Data extract
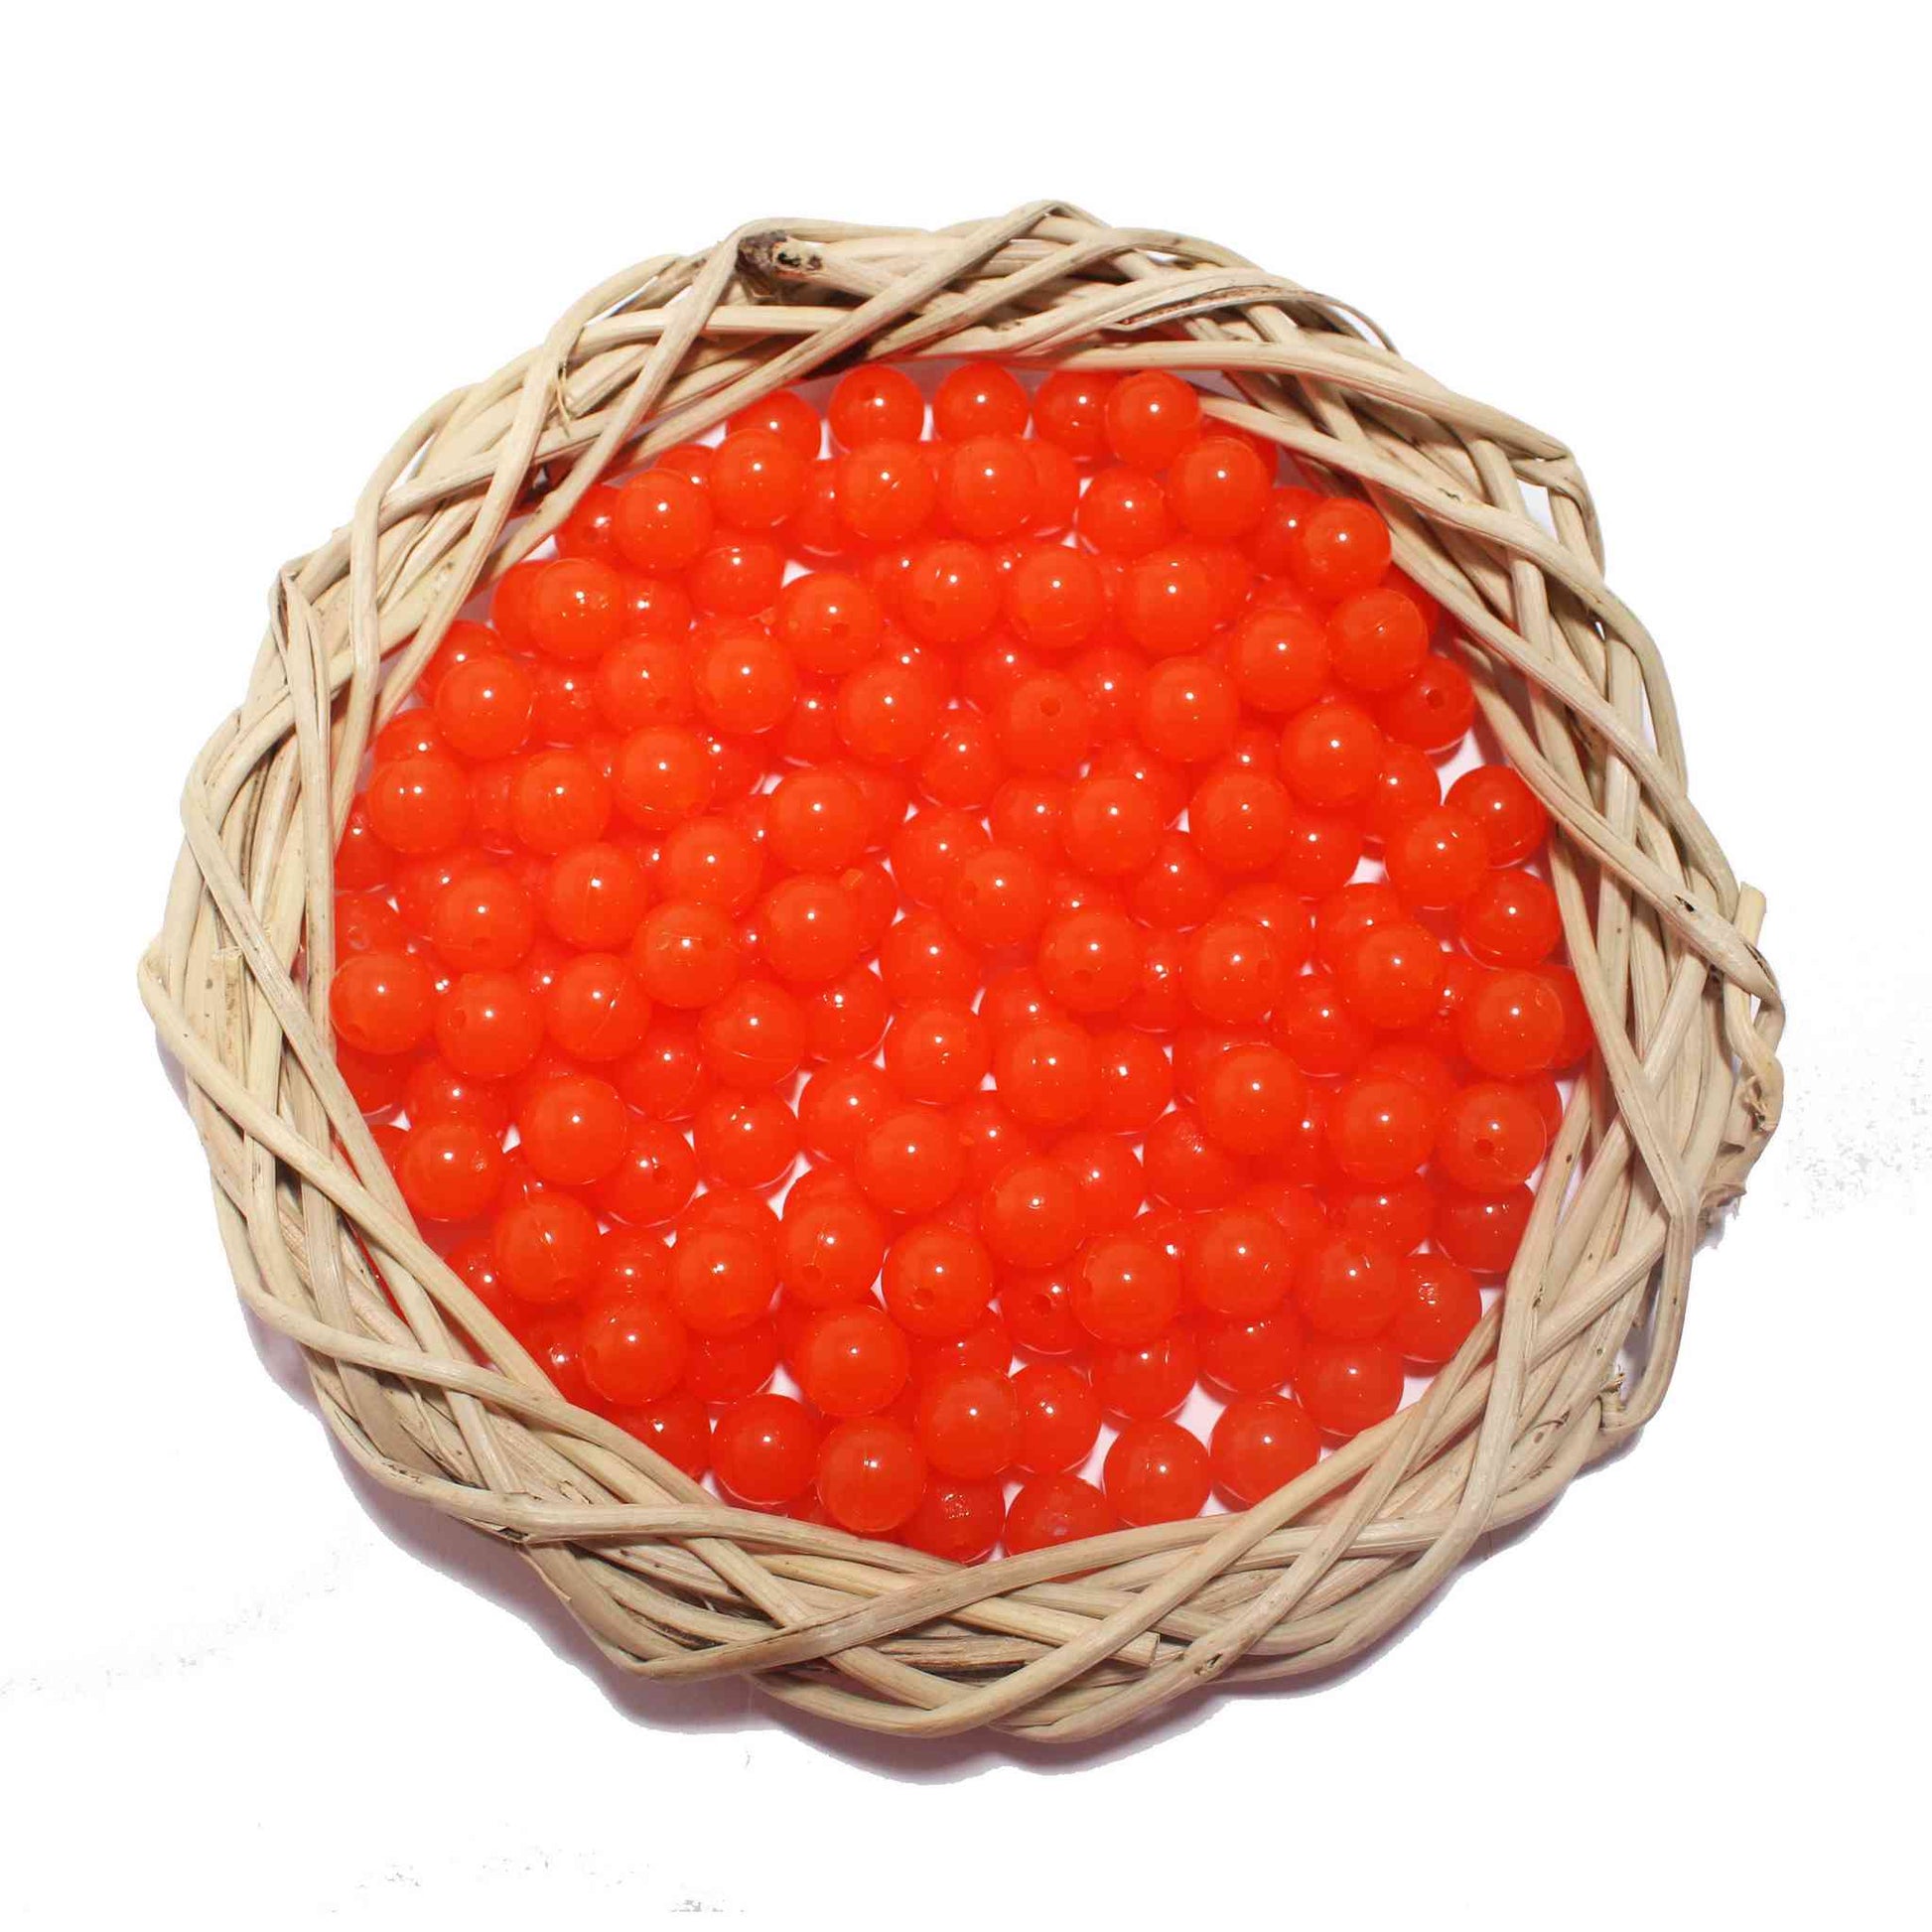 Premium quality Round Glass Beads for DIY Craft, Trousseau Packing or Decoration - Design 734, Tomato - Indian Petals
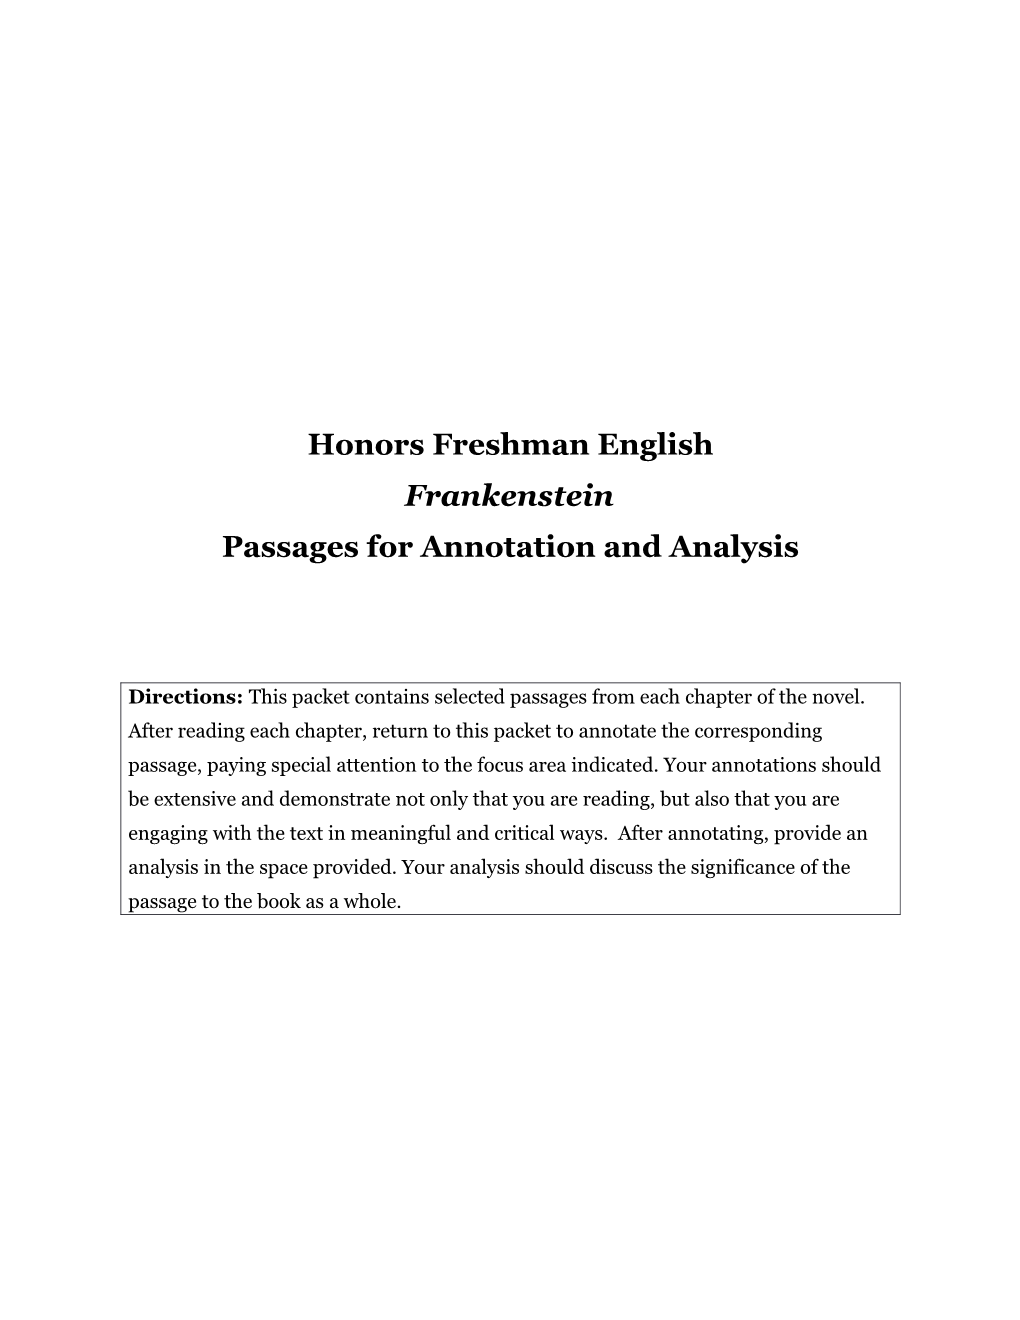 Passages for Annotation and Analysis
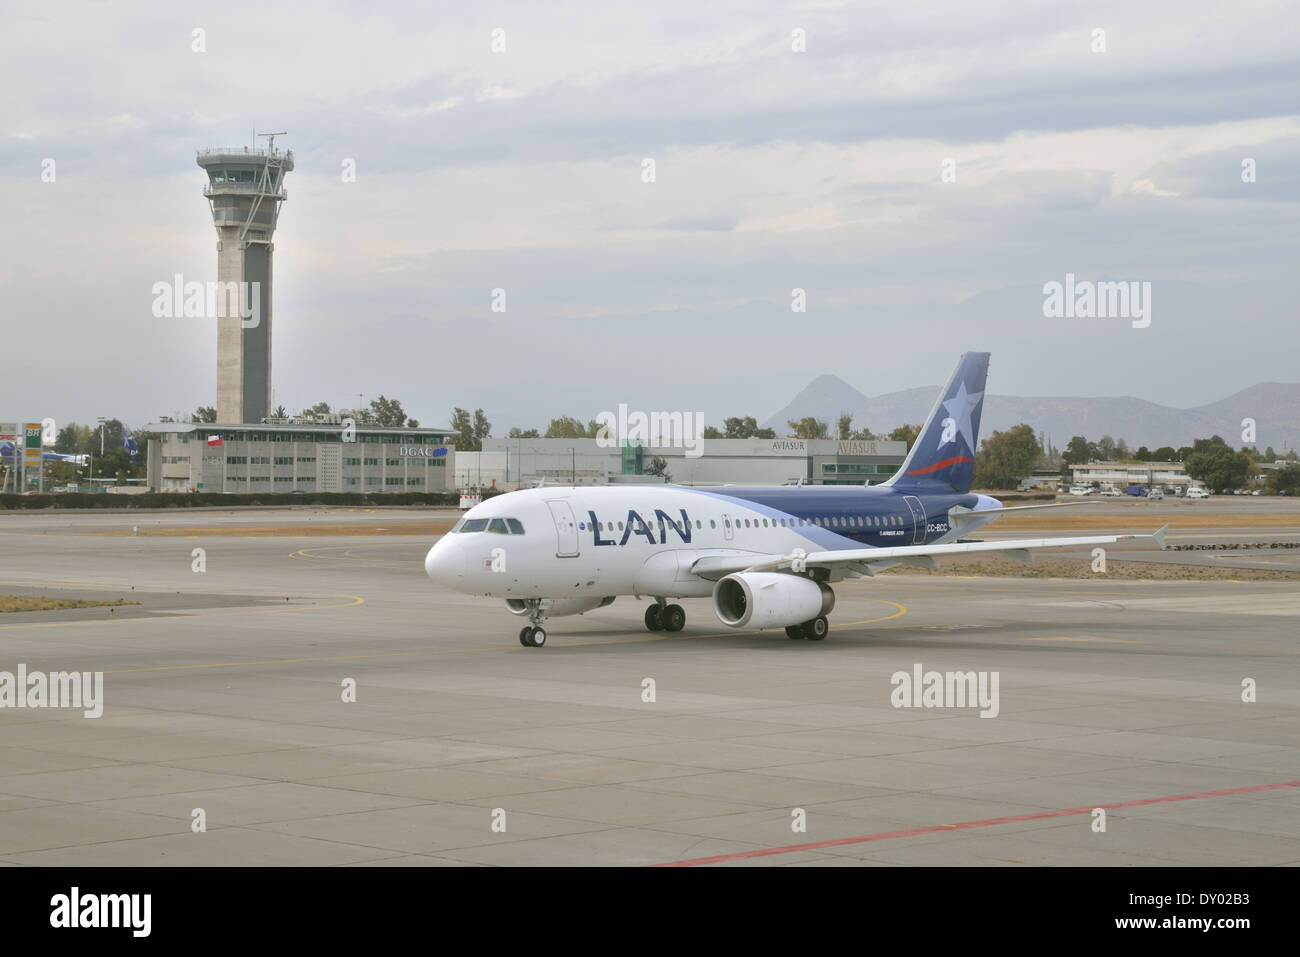 air traffic control tower International airport Santiago de Chile with LAN aircraft Stock Photo

Work instruction
What is needed is an exact copy of all the data, with no images in it.

Task answer
 Premium quality Round Glass Beads for DIY Craft, Trousseau Packing or Decoration - Design 734, Tomato - Indian Petals
 Passages for Annotation and Analysis
 air traffic control tower International airport Santiago de Chile with LAN aircraft Stock Photo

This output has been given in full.